7879.1/13/2019
ここから…9
厨房設計の基本パターン
飲食店における厨房は、心臓だ。
それぞれのお店のコンセプトにあった厨房があれば、ほぼ料理人はとても仕事がやりやすい。
厨房は大きく分けて3つに分かれる。
・フルオープンキッチン
これはキッチンと客席の間に仕切りを作らず、壁も立てない。
客はキッチン内のすべてを見渡せる。
新しいお店は、このレイアウトをよく採用しているそうだ。
スタッフが適度の緊張感をもってオペレーションにあたることになる。また客は火や食材が見えるのでシズル感が高くなる。
ただし、キッチンとホール間に壁がないので棚の設置ができず、収納スペースがとりにくくなる。
・セミオープンキッチン
厨房の一部セクションをカウンター形式でレイアウトし、壁を立てて後ろにキッチンを設ける。割烹やベーカリーなど大規模店で採用されている。
作業のうち見せたくない部分を隠すことができる。面積が広くとれる。
ただし、作業が分断されるのでスタッフが多く必要になる。
・クローズキッチン
キッチンと客席間に仕切り壁があり、キッチンが全く見えない。古いタイプの飲食店はほとんどこのレイアウトだ。
オペレーション時の音漏れが少ないので、客は落ち着いて食事ができる。
ただし、シズル感がない。料理人からは客の反応が見えない。
佐々木食堂(仮名)は、狭いのでクローズキッチンを採用する。
カウンター形式でテーブルとキッチンの間に仕切りを立て、オペレーションは客の視界からは外す。これは中華的手法で調理するので、どうしても油とびや炎が多くなるので安全面からもテーブルとは一定の境を設けるためだ。

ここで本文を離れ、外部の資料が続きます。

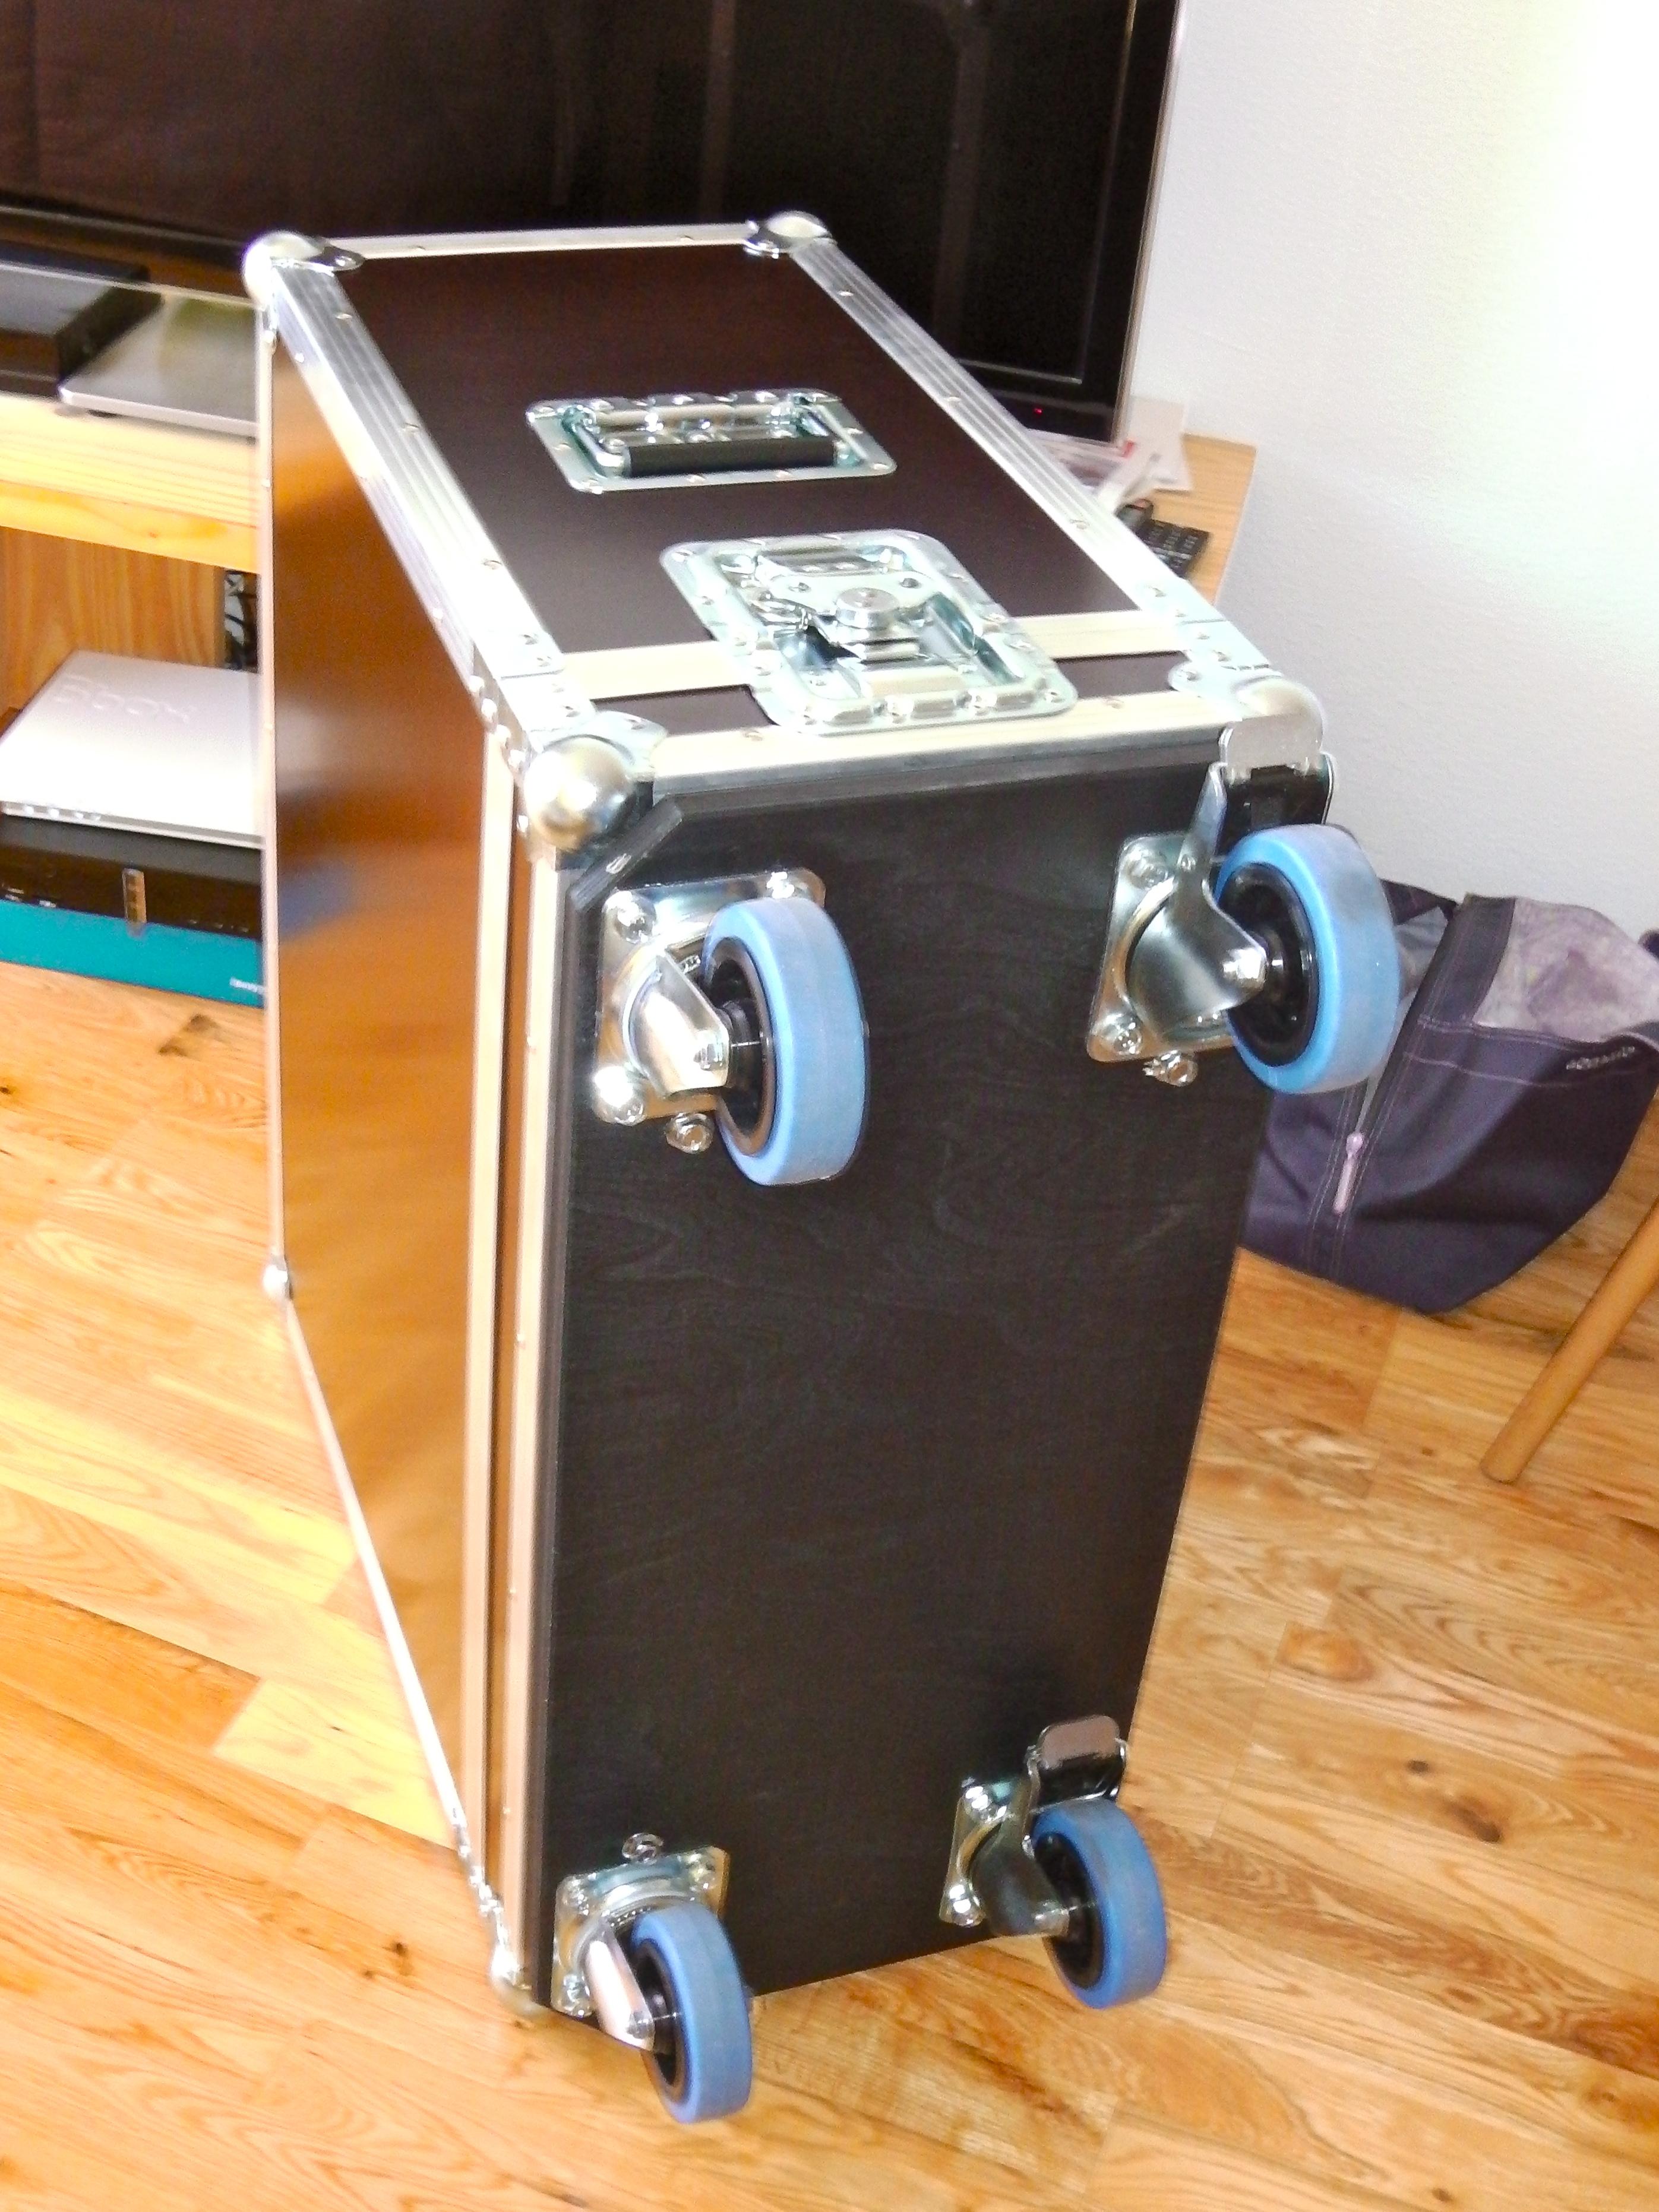 thon flight case ampli guitare image 575007 audiofanzine. Black Bedroom Furniture Sets. Home Design Ideas

業態別の厨房面積比率はFD比(食事と飲み物の割合)が2:8のバー業態では15%から20%。5:5のカフェ、居酒屋業態では18%から25%。8:2のレストラン業態では25%から55%。
できる限りキッチンを狭くしてホールを広くとりたいが、全体の面積が狭い佐々木食堂(仮名)では最低限のキッチン用品を設置するだけで面積比率は5:5になってしまうだろう。
飲食店の坪単価は、商業用地なので一般住宅よりもはるかに高い。都市部、繁華街では居酒屋業態で坪単価は60万から100万だそうだ。
その意味では土地も建物も借り物ではないので、ここは費用が発生しない。
キッチンに入れる器材の主な値段。
4面冷凍冷蔵庫、90万円。
製氷機(30キロ)、45万円。
ガスオーブン、28万円。
電子レンジ、21万円。
コールドテーブル、36万円。
焼き台、11万円。
シンクとキャビネット、50万円。
炊飯器、3万円。
フライヤー、28万円。
これらを7掛けで購入すると220万円だ。
リースでまかなえるものはリースで契約しようと考えている。
===2019年1月13日===
調理実習を年間を通じて実施してきた。それぞれの部門(日本、西洋、中華、製菓製パン)で徐々に難易度が上がっていく。1月に入って日本料理で風呂吹き大根を作った。その時、大根を菊花に切る方法を教わった。目で見て、実践するという単純な方法だが、年末年始に大根をたくさん桂剥きしていたので、包丁の扱いに少し慣れたかもしれない。
2018年1月11日。
7878.1/12/2019
ここから…8
飲食店の設計と施工は通常の住宅とは異なり、食品衛生法を熟知していないと、完成してから保健所からの営業許可がおりない場合がある。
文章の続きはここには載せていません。